Ireland has been the battleground of other men’s ambitions for hundreds of years. Yet it was never a country of great wealth and its people had always been some of the poorest in Europe. However, its predominantly Catholic population and geographical position off the west coast of Britain made it, certainly from the 16th century on the English Governments number one security issue. Catholic incursion had long been feared especially during the long years of religious war and the Irish were considered as little better than superstitious savages obedient to the Pope in Rome – it was not possible then to assimilate them they had to be suppressed.
Over the previous centuries much of the north of the country had been colonised by Protestant settlers from Scotland and much of the most fertile land was owned by a largely absent Anglo-Irish aristocracy.
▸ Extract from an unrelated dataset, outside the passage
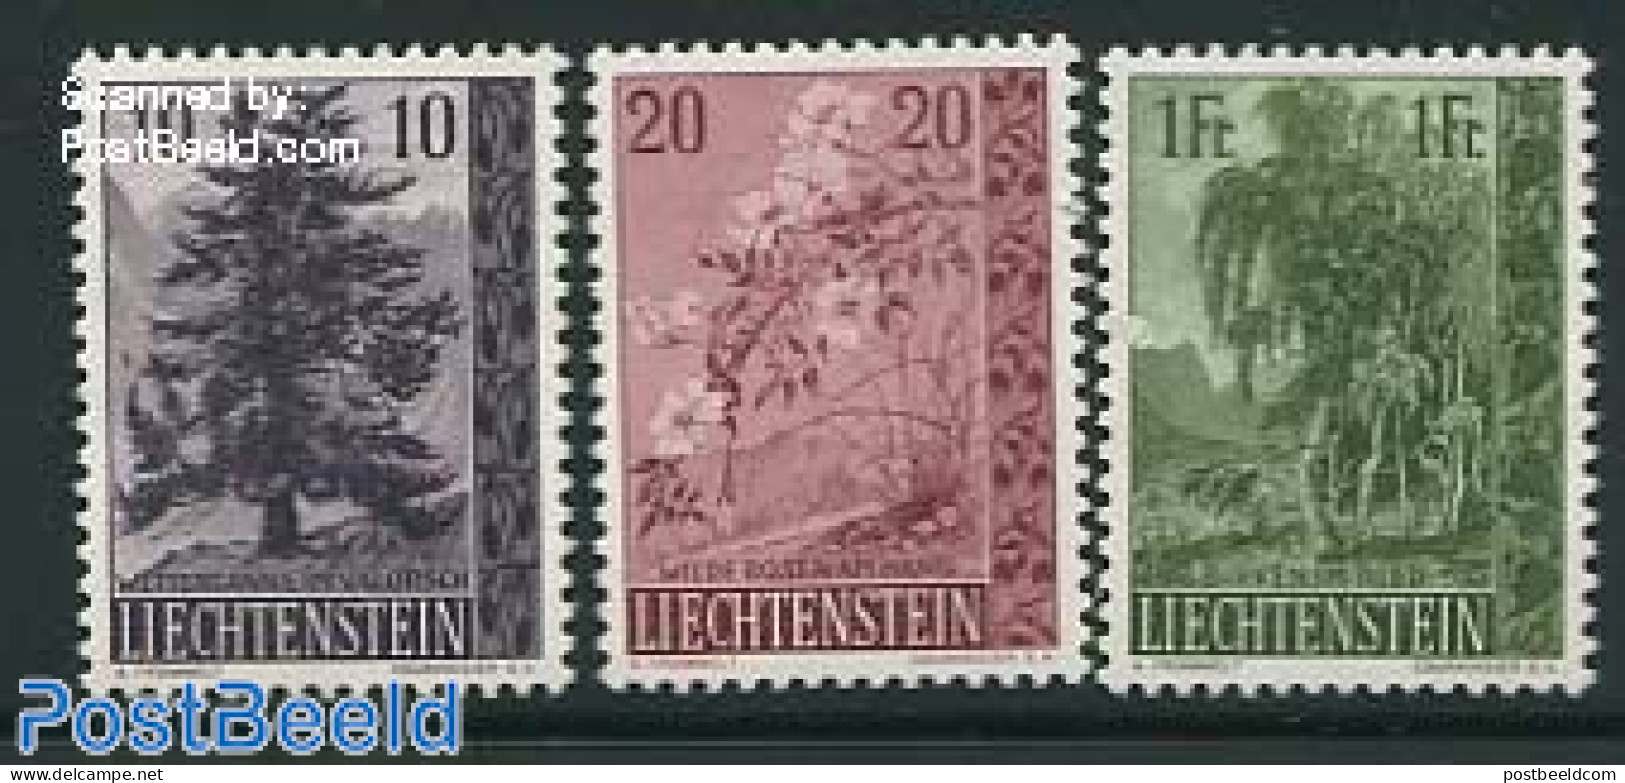 Liechtenstein 1957 Trees 3v, Unused (hinged), Nature - Trees & Forests - Ungebraucht

The Irish were very much dominated by their more powerful English neighbours but they never accepted this fact and the country was often in a state of rebellion. The English however stubbornly refused to loosen their grip or seriously contemplate the means by which the Irish could run their own affairs.
In 1801, the Act of Union formally incorporated Ireland into Great Britain. From now on it would be run by officials directly appointed by the Government in Westminster, and Protestantism would be the established religion in the form of the Church of Ireland. It appeared to all intents and purposes that the prospect of Irish freedom and independence had been quashed forever. Though the future Prime Minister Benjamin Disraeli expressed his fears for the prospects of a country with a “starving population, an absent aristocracy, and an alien Church.”
Prior to the Catholic Emancipation Act of 1829, Catholics in Britain including those who had emigrated from Ireland in hope of a better life, had been banned from voting, holding public office, working in the civil service, or attending university. They were also regularly discriminated against in the professions. While in Ireland itself the best pasture land continued to be owned almost entirely by Protestant farmers who exported their grain and beef to the more lucrative English market.
The landscape was dominated by the vast estates of the Anglo-Irish aristocracy who though for the most part absent landlords who rarely visited their estates still determined to squeeze every penny from their holdings, and they handed over the running of their estates to often corrupt and brutal middlemen who readily did just that.
Most of the small-holdings were either owned by or leased to Catholic Irish peasants. Often the land was of such poor quality that there was only one crop that could be guaranteed to prosper in such unfavourable conditions – the potato. Indeed, so small were some of these holdings that it was not possible to grow anything else and remain assured that the family could still be fed, and by the 1840’s it had become the staple diet of the majority of the Irish population. Rarely was ever enough produced to go to market. Rather it was a subsistence crop, and the Irish people depended upon it for their survival.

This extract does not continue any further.